Today -100: June 2, 1910: Of Jim Crow, talking to girls, mad Russians, and spurious frankfurters


The Supreme Court rules in Chiles v. Chesapeake and Ohio Railroad Company, that “separate but equal” accommodations on inter-state trains are okay, in effect reversing an 1875 decision that states could not impose Jim Crow laws on inter-state commerce (technically, the rules were those of the railway company, which just so happened to follow the Kentucky law, but the Court said that since Congress didn’t explicitly ban it from doing so, “the inaction of Congress was equivalent to the declaration that a carrier could, by regulations, separate colored and white interstate passengers”). The Court said, citing Plessy v. Ferguson, that “Regulations which are induced by the general sentiment of the community for whom they are made and upon whom they operate cannot be said to be unreasonable.” Incidentally, the black passenger in the case, James Alexander Chiles, was a lawyer who argued his own case and was (probably) the first black person to argue before the Supreme Court.

Headline
of the Day -100: “Taft Talks to Girls.” At the commencement exercises of Trinity College for Girls.

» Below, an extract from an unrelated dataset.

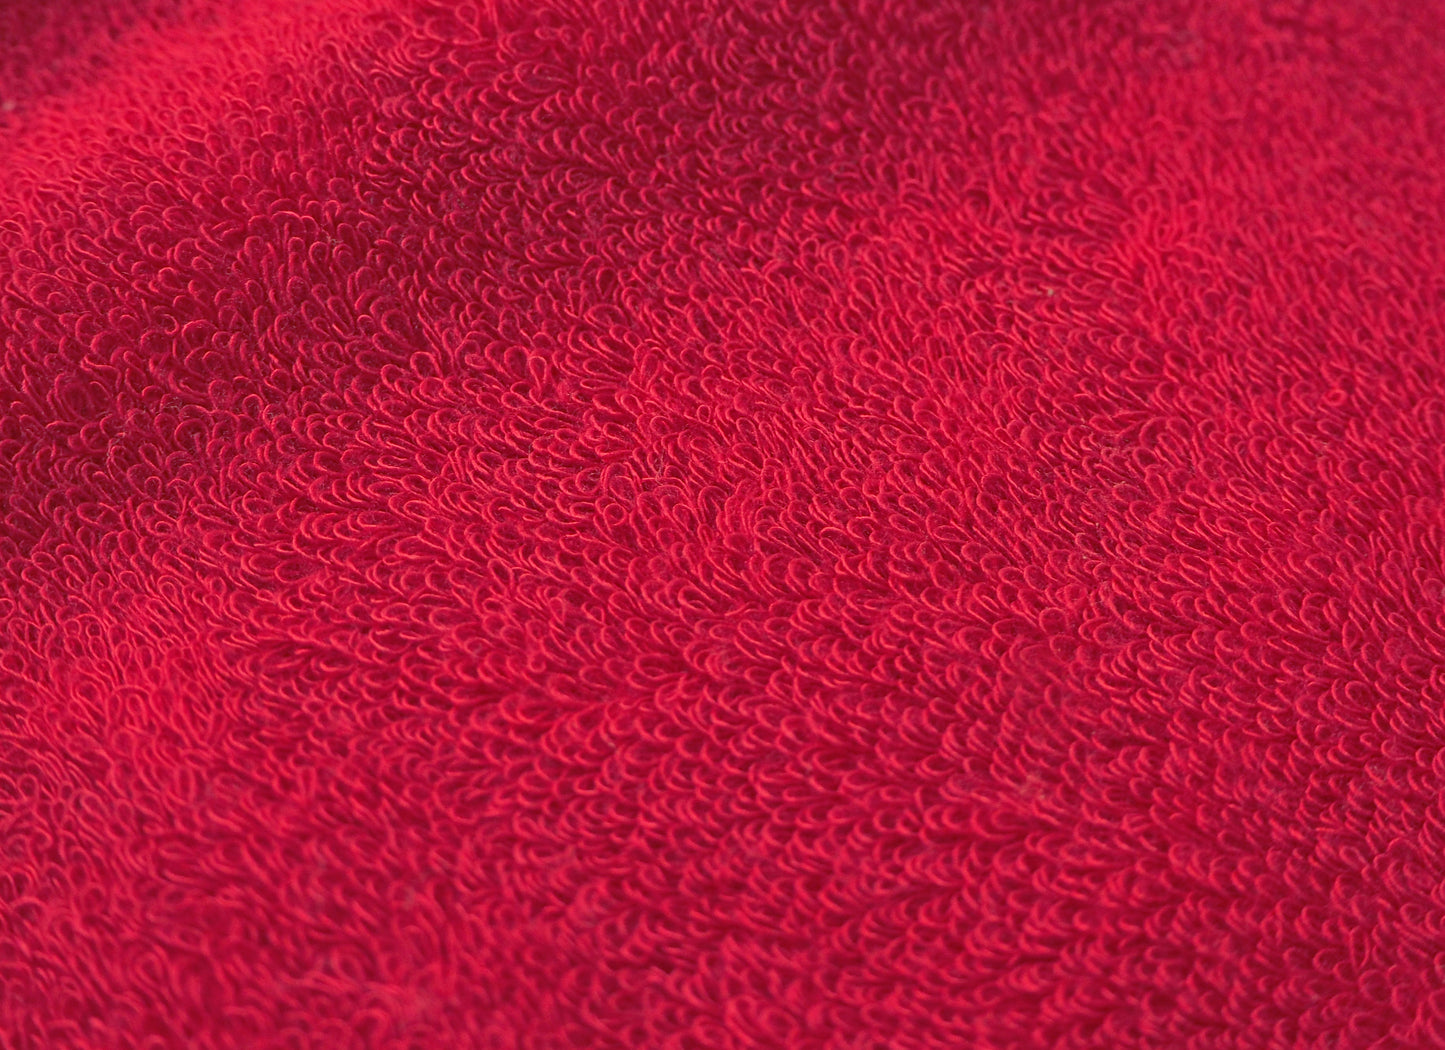 Mikketa～身に着けるタオル～カラー3色セット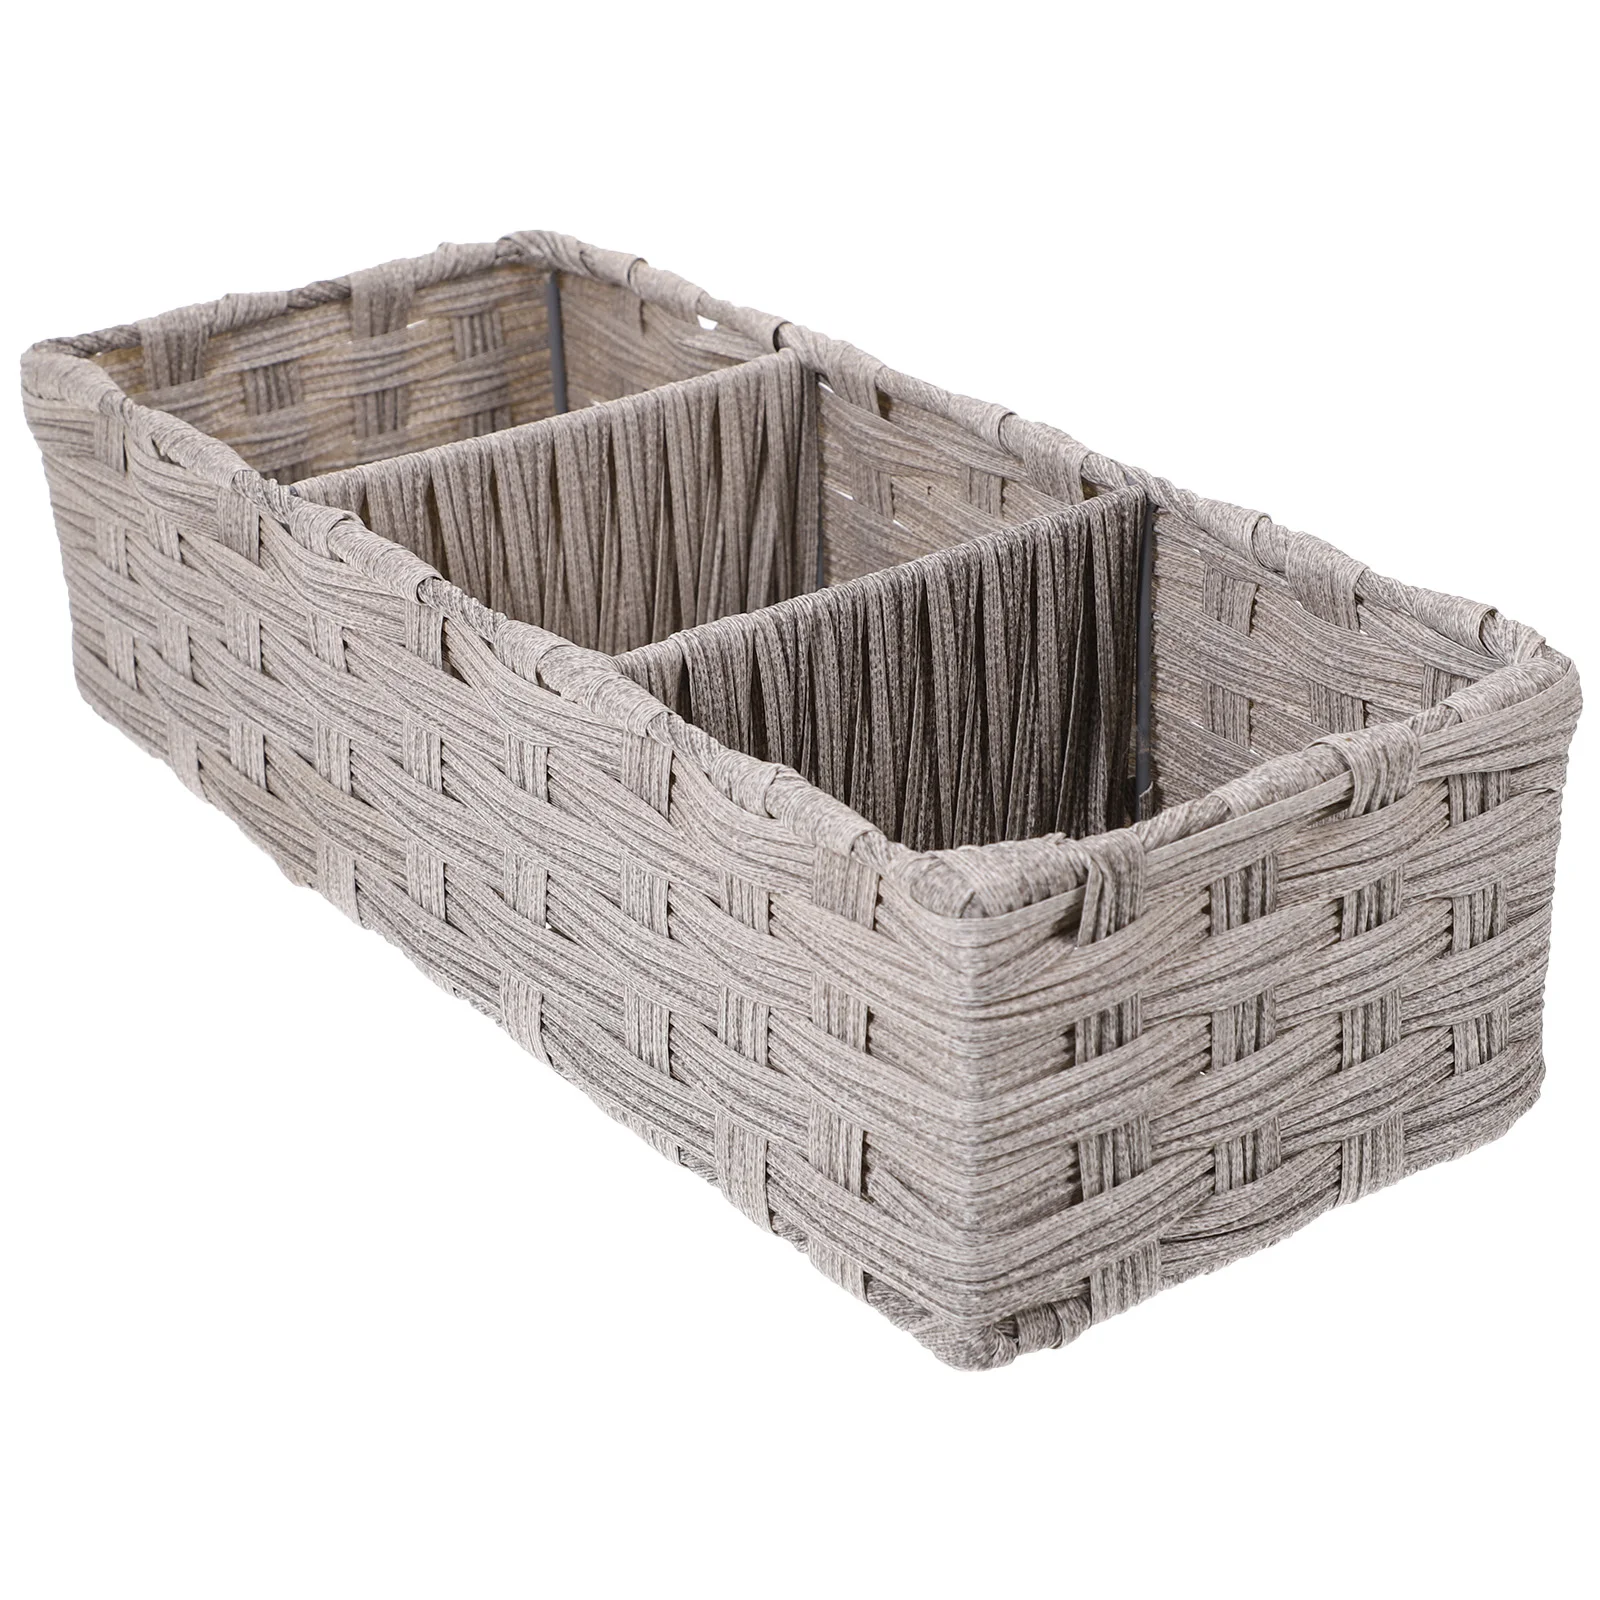 

Basket Storage Wicker Baskets Woven Organizer Rattan Seagrass Box Holder Toilet Hyacinth Sundries Coffee Bins Divided

Assistant Secretary of the Navy Beekman Winthrop says that “There is no danger of the brutalizing of our national character by a large navy”. So that’s all right then. Indeed, “no country has ever acted toward other countries with such altruistic motives as have marked our course in recent years toward Cuba, the Philippines, and Porto Rico.”

A mad Russian throws something first thought to be a bomb, but actually a can of beans, at Crown Prince Friedrich Wilhelm in Berlin. He missed.

A Chinese man tries to smuggle four pounds of opium into the country, concealed in “spurious frankfurters.” I love that phrase.